Quella che voi potete vedere riflessa allo specchio sono io.
Quella che invece non può mai vedersi allo specchio sono sempre io.
Le mie dita in questo preciso momento stanno solcando le pianure delle mie guance, polpastrelli che tracciano rotte di malinconia su di un viso non sempre gioioso.
Mi sto toccando la faccia.
Non cerco le rughe.
Non ho rughe, lo so, questo è un gioco che faccio da sempre, fin da quando ero bambina.
Per sentire i cambiamenti e avvertire sulle dita la mia sgranata presenza in questa realtà.
Mi tocco quindi ci sono.
A volte quando non ti puoi vedere, pensi davvero di non esserci e finisci con il cominciare a pensare di essere un fantasma.
Così continuo a far scorrere le dita per tenere a freno i pensieri e non scomparire.
A menadito posso fermarmi a recitare la geografia del mio viso.
Gradevole e piacente a detta di molti.
Dovrei essere una bella ragazza ma io non posso confermarvelo.
Non lo so e non l’ho mai saputo.
La cecità è stata l’unica assidua compagna di tutta la mia vita.
Ho perfino smesso di fumare e di toccarmi ma, ironicamente, non sono mai riuscita a vedere.
Succede e doveva succedere proprio a me il fallimento della vista.
Però, c’è sempre un però in ogni buona storia, stranamente, conservo sempre il ricordo di unì immagine.
Una sola.
Un’immagine chiara che all’improvviso si offusca, per poi svanire, spegnendosi con un sordo click nell’eco della mia testa.

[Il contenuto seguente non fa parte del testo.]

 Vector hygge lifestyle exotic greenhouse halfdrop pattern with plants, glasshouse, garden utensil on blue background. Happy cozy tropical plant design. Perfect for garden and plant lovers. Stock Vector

Da quanto sono riuscita a raccogliere in seguito, dopo anni di studi non convenzionali, quel luogo doveva essere la sala parto, esattamente ventisei anni fa. Giorno più, mese meno.

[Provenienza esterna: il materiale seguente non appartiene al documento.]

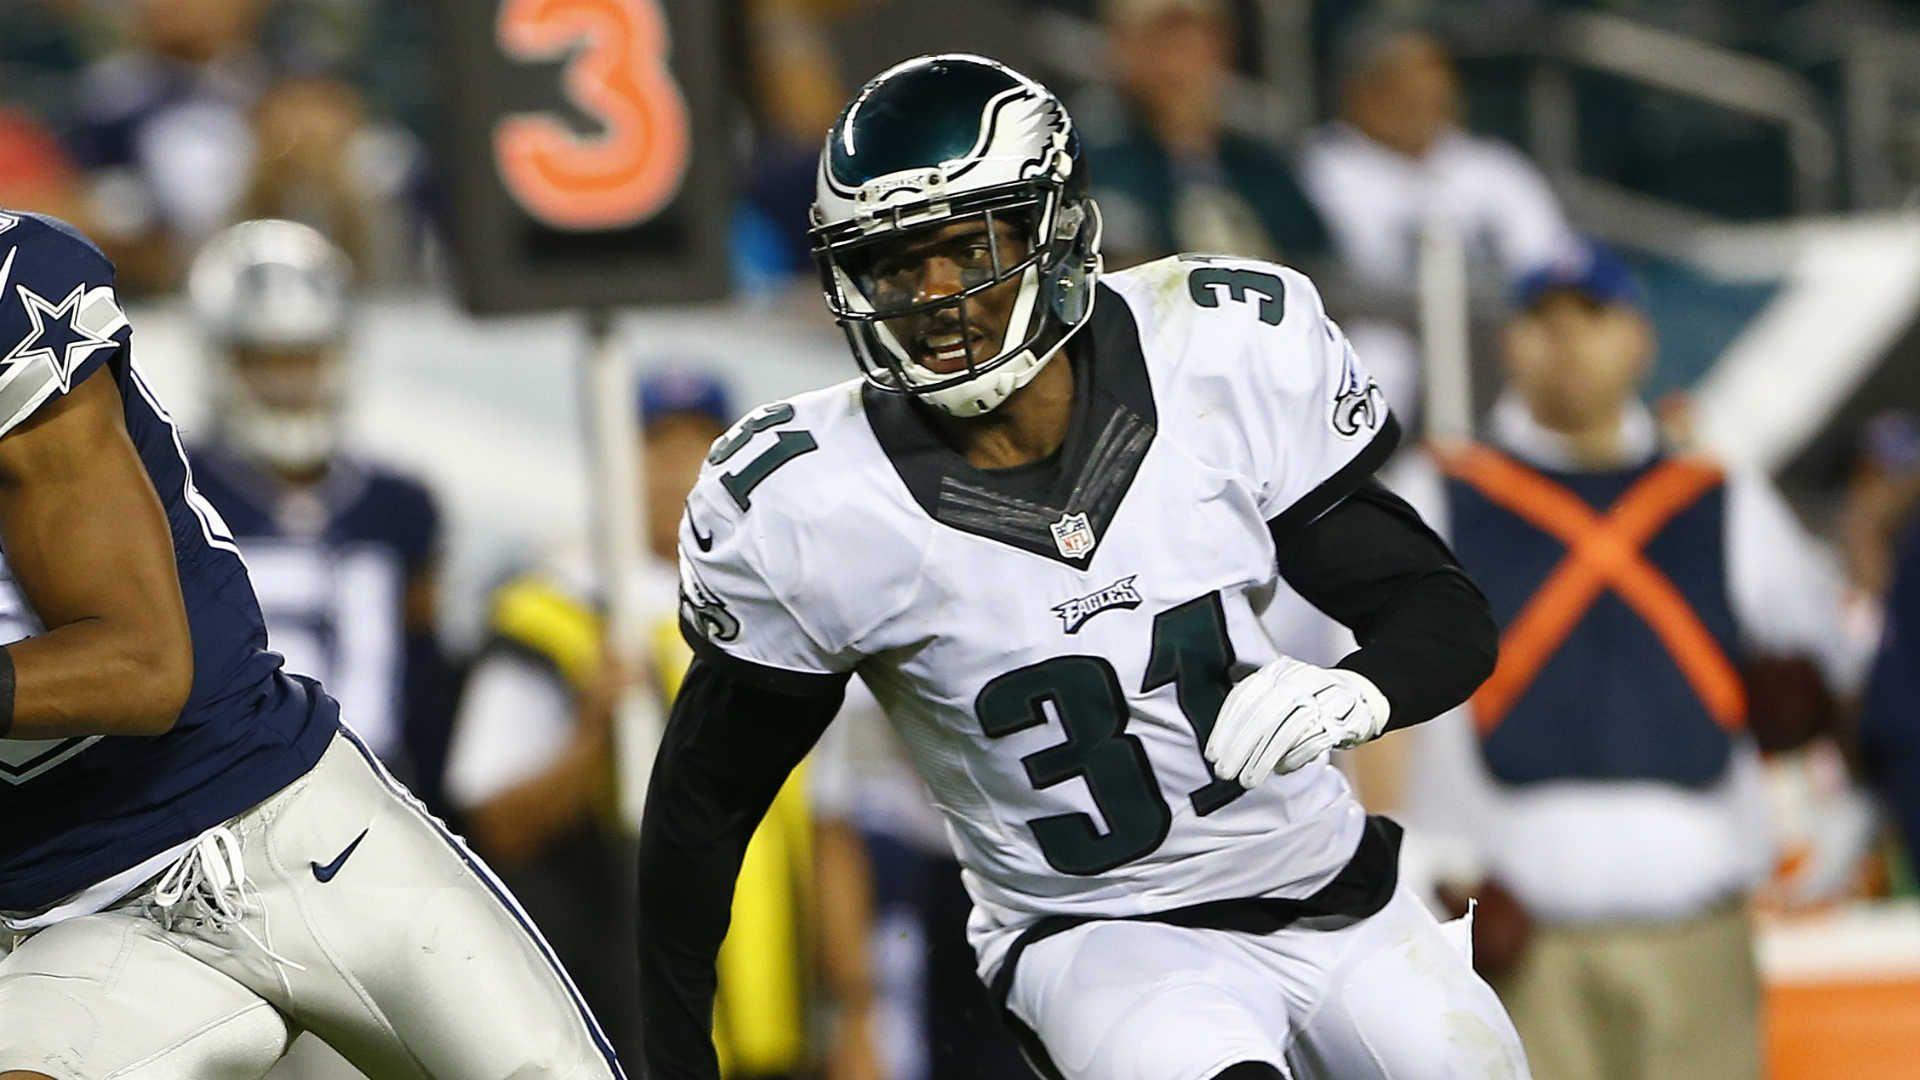 Eagles trade Byron Maxwell and Kiko Alonso to Dolphins, report

Fu così che, appena nata, l’ostetrica perse la presa e mi fece cadere a terra.
La forza di gravità, l’egoismo di madre terra, la generosità del destino, l’insieme del tutto mi fece sbattere la testa.
E alla fine atterrai anche io, già dal sogno della vita, in un mondo che non era più mio anche se era stato mio solo per un attimo.
Ero sopravvissuta.
Sopravvissi ma, come si scopre sempre troppo tardi, ogni nuova vita comporta sempre qualche sacrificio e il mio era la vista. Non potevo più vedere, se mai avevo realmente visto,.

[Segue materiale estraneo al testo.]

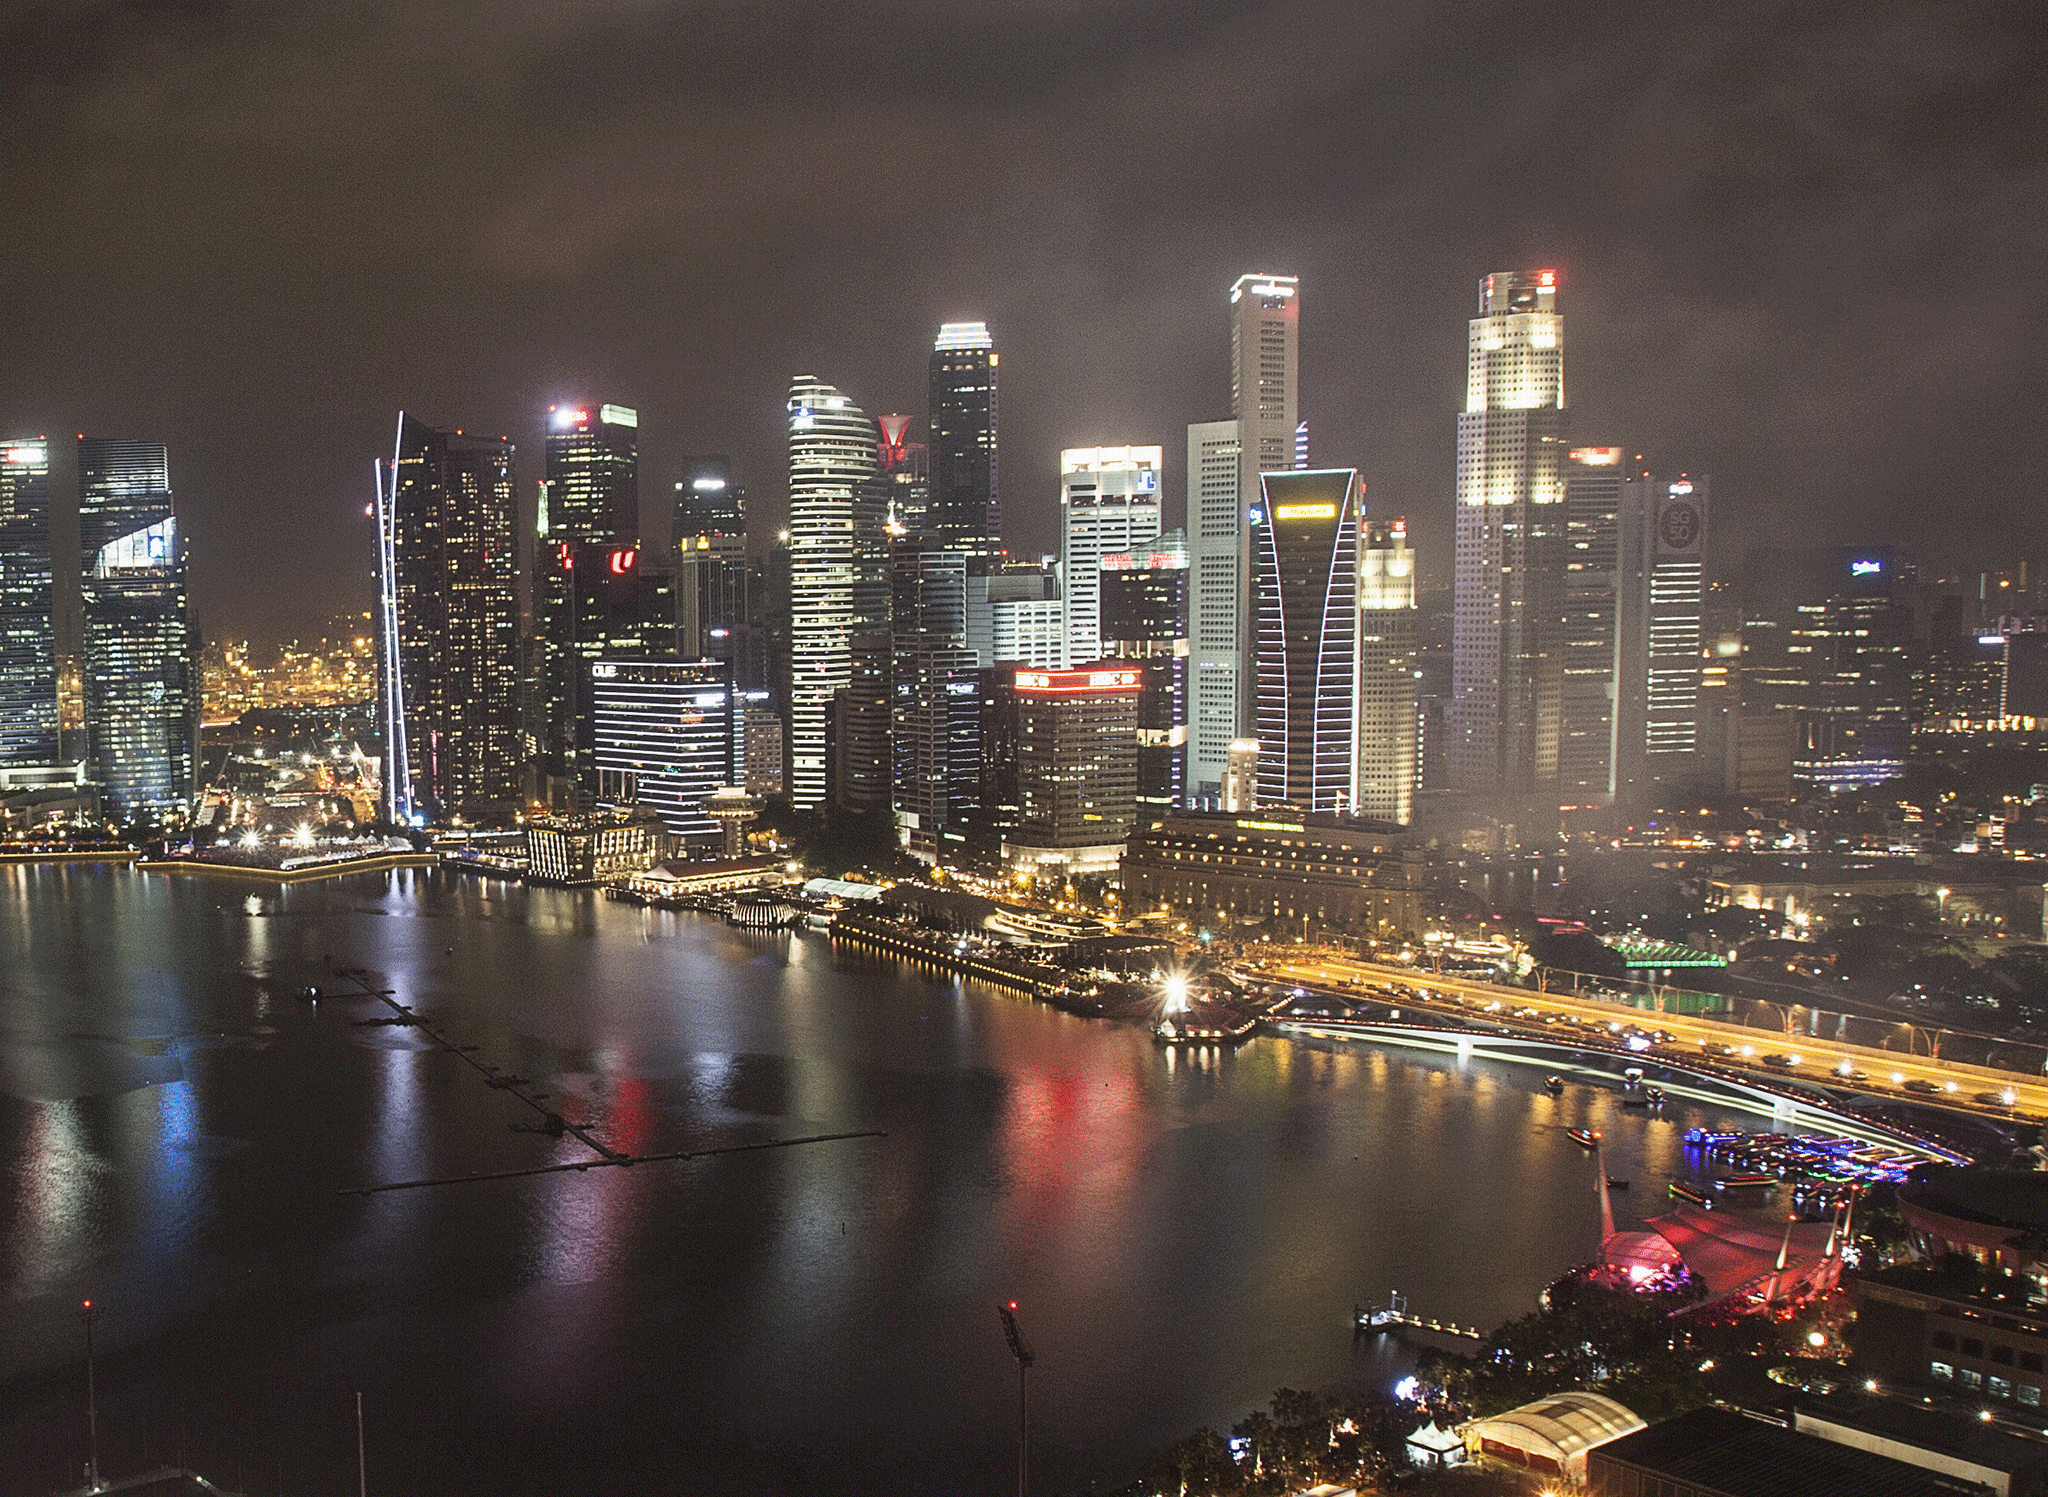 Singapore-based wealth managers say their clients are increasingly looking towards private equity investments

Esistevo, con un vuoto dentro…sapevo che un momento di esitazione altrui mi era costato un angolo di visuale del paradiso.
O almeno questo è quanto racconta la letteratura medica sul mio strano caso.
La mia è una storia strana, tutta vista dal di dentro senza quello sbocco naturale degli occhi che voi conoscete. Non saprei davvero come dirvi altrimenti, ma tredici anni dopo successe qualcosa. Sì, accadde qualcosa di strano.